The ability to use the markers of oxidative stress in a clinical setting is also some time away, says Sridevi Devaraj, PhD, assistant professor of pathology and associate director of chemistry at the University of Texas Southwestern Medical Center, who does research on this topic. "Measurement of LDL oxidizability remains in research settings," Dr. Devaraj says. "I don't think there are assays that are well standardized." Several possible indicators of oxidative stress are being explored.
Compelling data exist for a direct measure called F2-isoprostanes. "Isoprostanes can be measured in plasma but are relatively unstable," Dr. Devaraj says. "But they are very stable in urine, and validated assays for measuring urinary isoprostanes are commercially available."

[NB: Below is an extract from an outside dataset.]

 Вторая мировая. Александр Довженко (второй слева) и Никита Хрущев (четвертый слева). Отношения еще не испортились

Some laboratories have made ELISA assays to measure autoantibodies to oxidized LDL, which is the most atherogenic form of this lipoprotein. It is taken up by monocytes, which are transformed into foam cells and accumulate in plaque. In coronary heart disease patients, autoantibodies to oxidized LDL are increased; in several trials they have correlated with the degree of atherosclerosis. Dr. Naito says there is considerable solid evidence in the literature that oxidized LDL plays a crucial role in CHD, but determining how and what to measure is difficult. "CRP data interpretation to assess CHD risk poses an even greater challenge," he adds. "What would seem prudent and practical at this stage is for an individual to eat a healthy diet rich in vitamins A, E, and C."
Another measure of oxidation is total antioxidant capacity or oxygen radical absorbance capacity. Commercial assays are available for both analytes in plasma. There is considerable evidence for the prognostic value of these indicators, Dr. Devaraj says.

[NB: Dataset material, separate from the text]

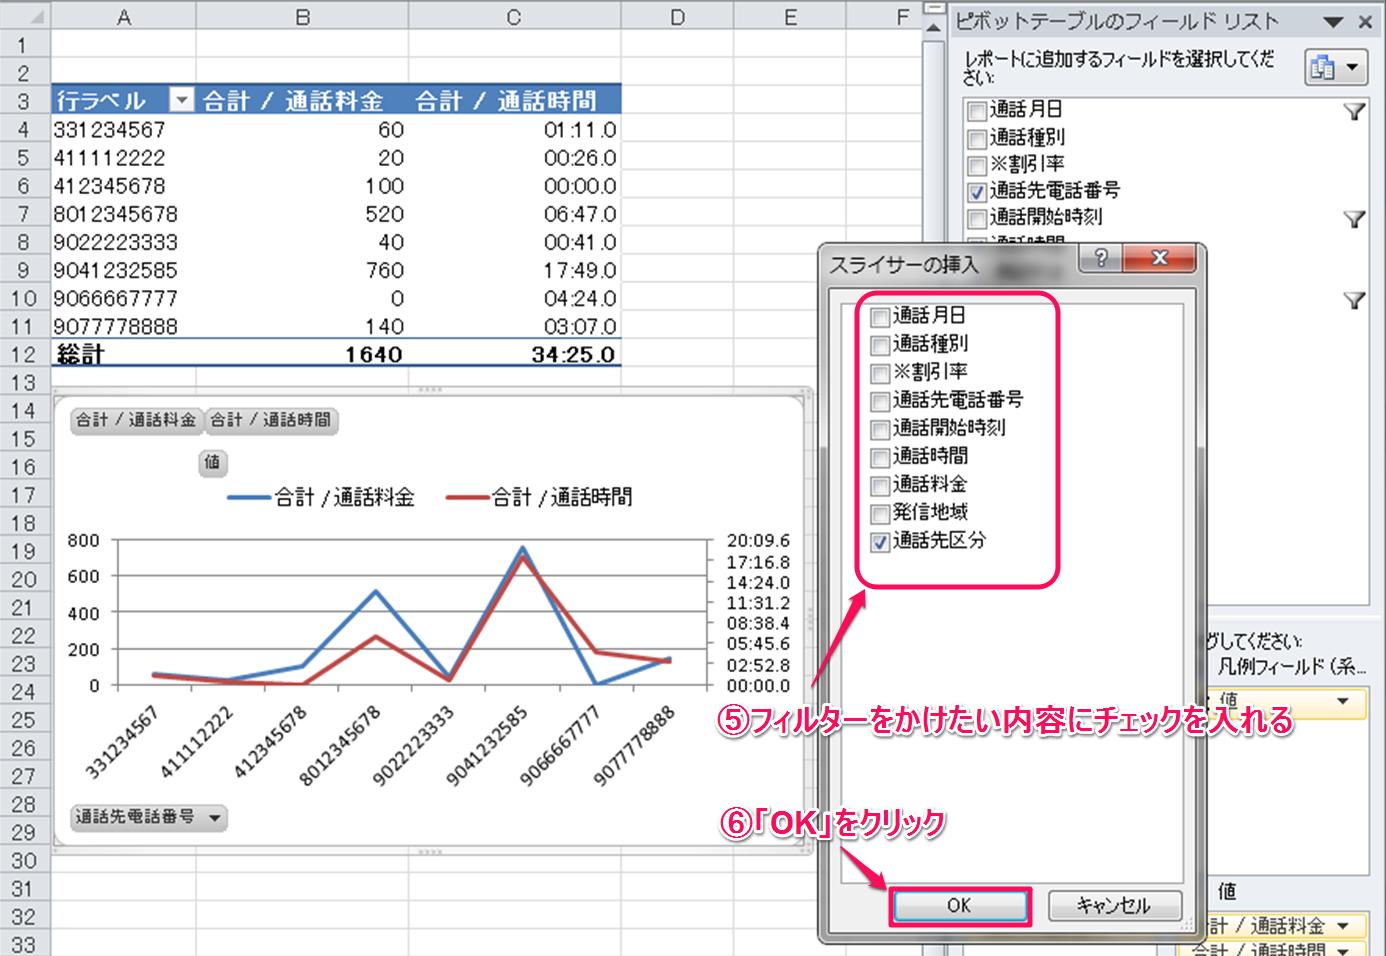 ピボット グラフ 複数 【Excel】ピボットグラフって何が便利なの?

When it comes to remedying elevated oxidation states in patients, at least six large clinical trials have been conducted to test the antioxidant vitamin E, of which four have provided evidence of efficacy, Dr. Devaraj says. It has worked only in trials in which doses of 400 or 800 mg have been used. In CHAOS (Cambridge Heart Antioxidant Study), a 77 percent reduction in myocardial infarction was seen; similar benefits occurred in SPACE, which tested secondary prevention in patients with end-stage renal disease and heart disease. "So evidence is emerging to show that vitamin E at high doses will probably be effective, especially because it has been shown to have not only antioxidant effects, but also anti-inflammatory effects at high doses," Dr. Devaraj says.
Despite the promise of these novel markers in guiding therapy, Dr. Cannon suggests, "For now our major effort should be to encourage the use of medications in patients in whom evidence shows they are of benefit."
We should also aim to treat the current risk factors adequately, which one expert describes as still a "struggle." "Even with proof of the efficacy of intervening on lipids, we struggle to perform enough lipid profiles," says Alan T. Hirsch, MD, associate professor of medicine at the University of Minnesota Medical School. "And it takes considerable health care resources. I wonder if we are ready to expand that to new risk factors where therapeutic interventions are not yet proved."
Dr. Hirsch would like to see "our community do more intervention in patients with proven risk profiles and in whom we know what to do."
"I find it intriguing but hardly mainstream," he says, "to consider inflammatory markers, when evidence for long-term treatment is still in development."
William Check is a medical writer in Wilmette, Ill.